=== DATA RECORDS ===

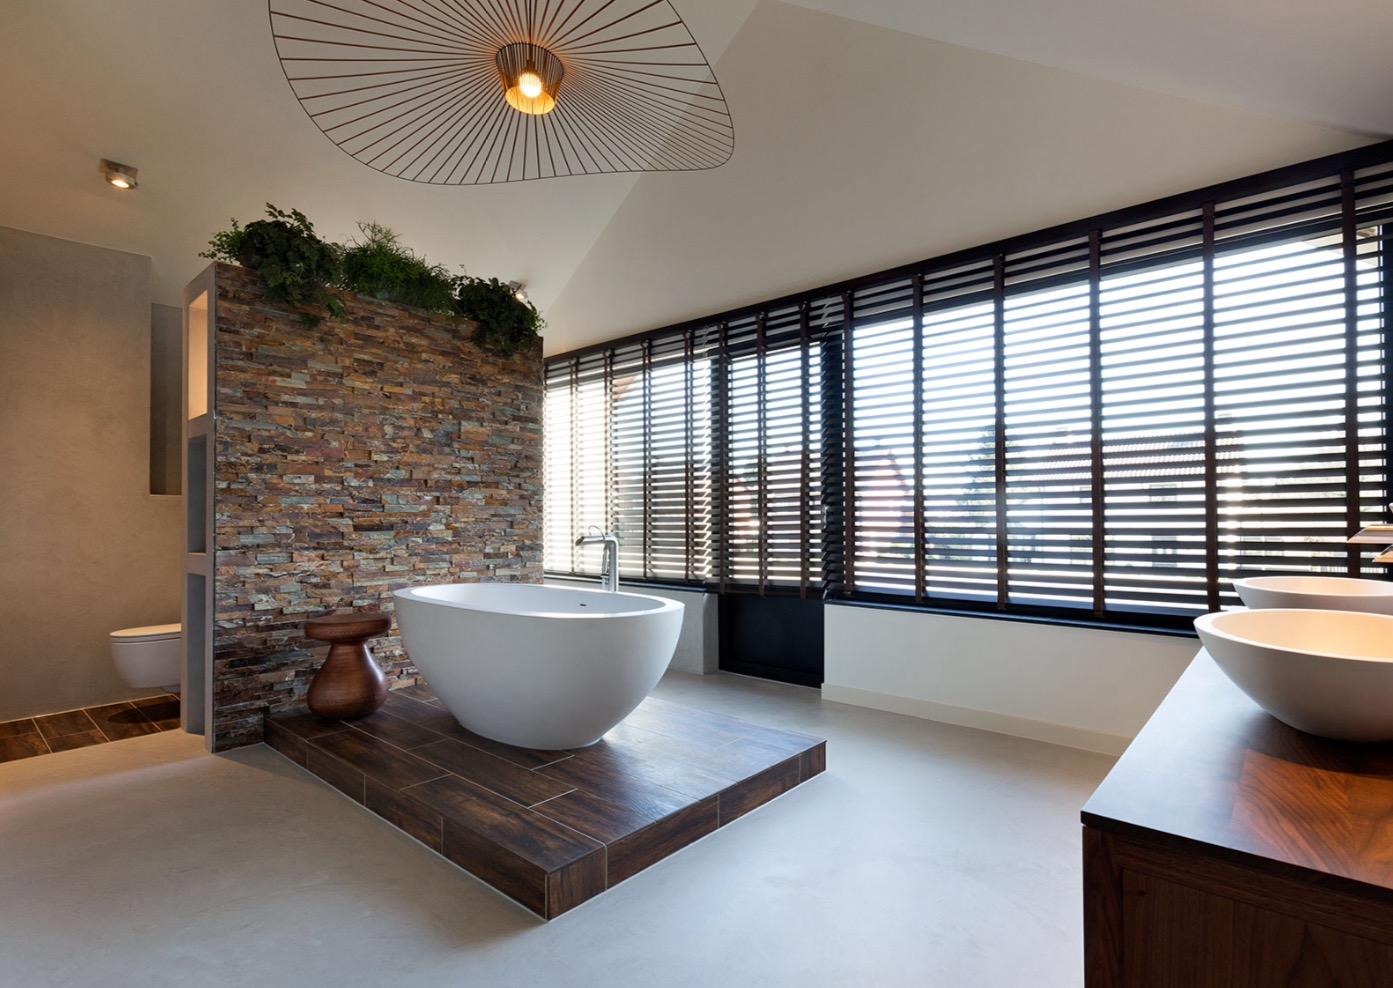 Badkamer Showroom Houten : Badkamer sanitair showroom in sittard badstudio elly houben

===
=== DATA RECORDS ===

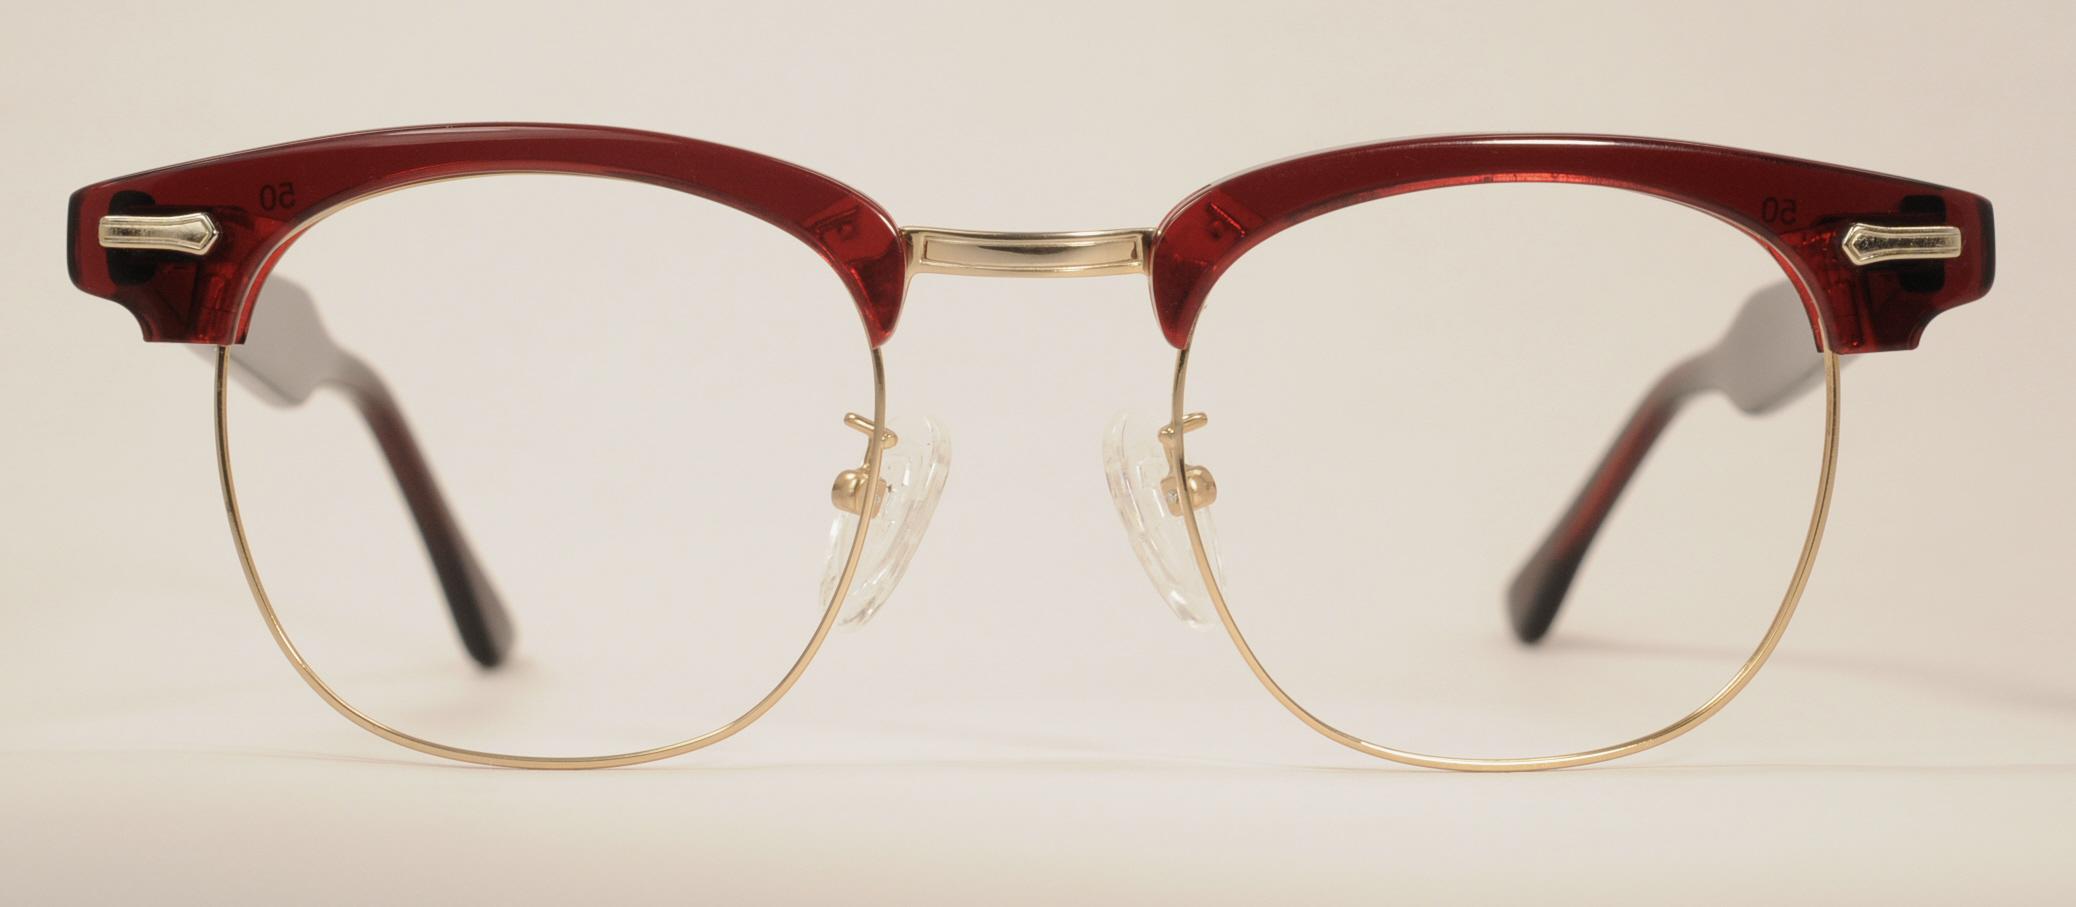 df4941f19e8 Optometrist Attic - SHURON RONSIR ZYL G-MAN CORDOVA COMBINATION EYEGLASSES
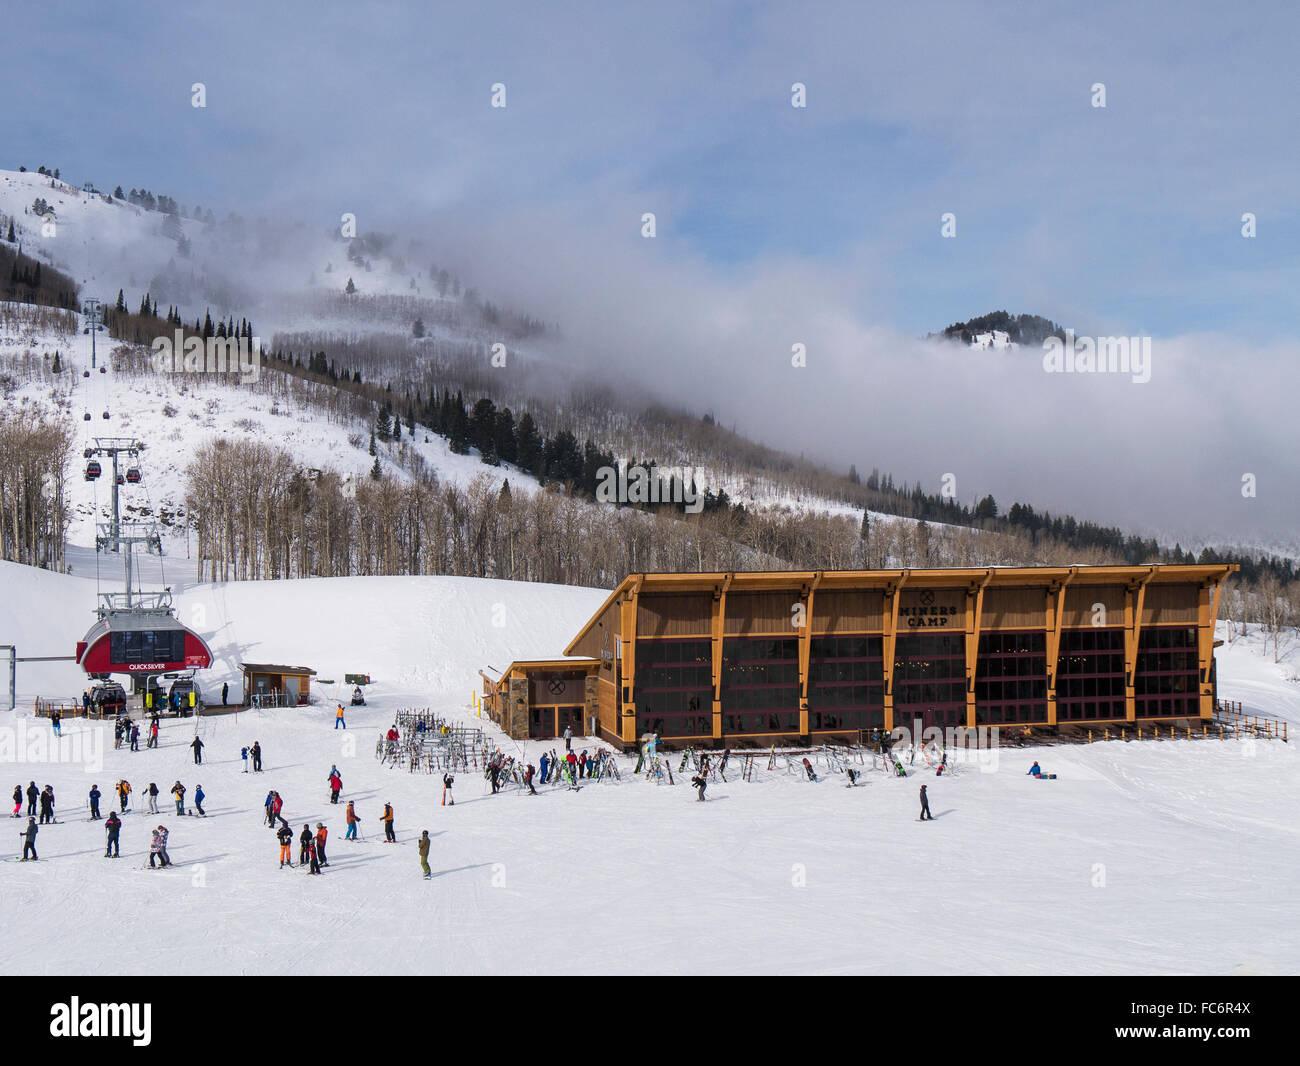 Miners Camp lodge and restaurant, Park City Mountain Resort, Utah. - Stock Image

===
=== DATA RECORDS ===

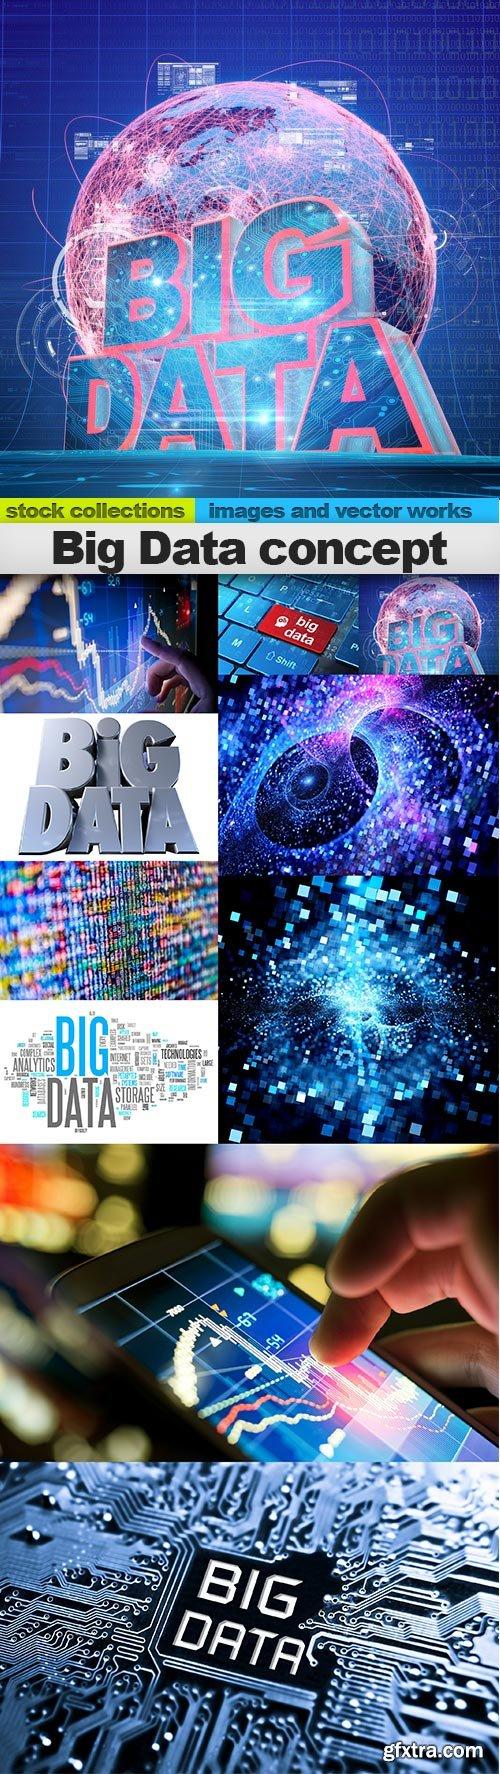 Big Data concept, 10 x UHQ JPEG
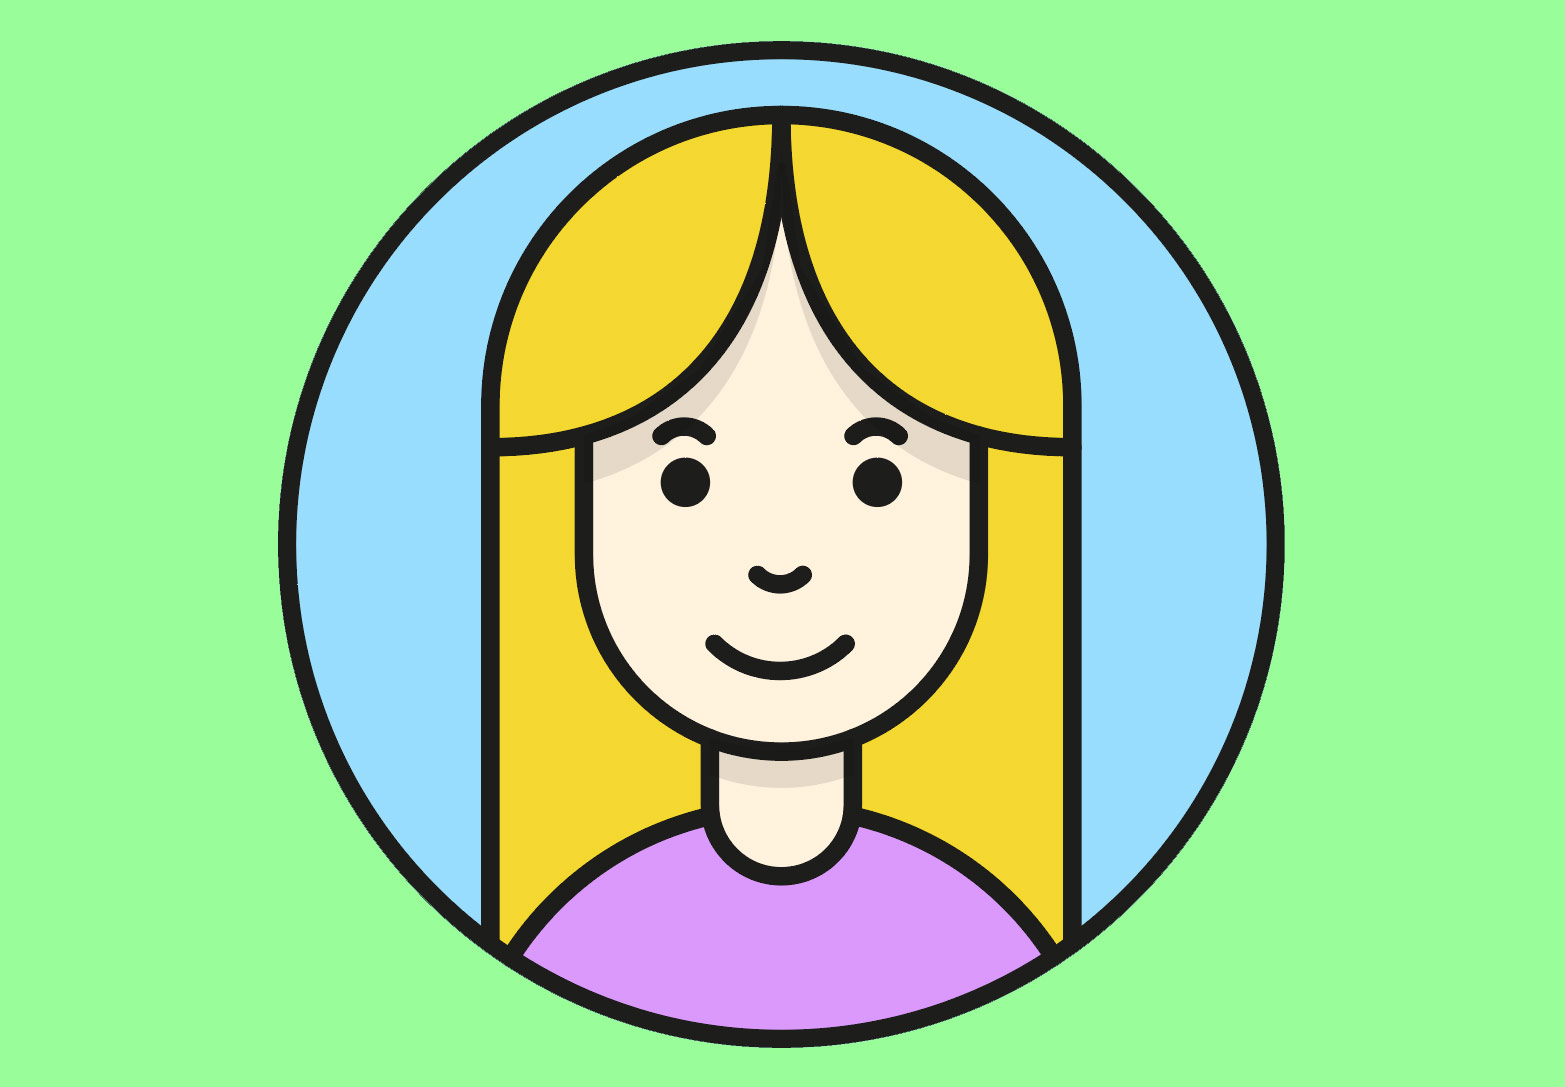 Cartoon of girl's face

===

Each line above starting at the one holding "Big Data concept, 10 x UHQ JPEG" and ending at the one holding "Cartoon of girl's face" should be set down exactly as it stands, both ends included, with no pictures.

 Big Data concept, 10 x UHQ JPEG
 Cartoon of girl's face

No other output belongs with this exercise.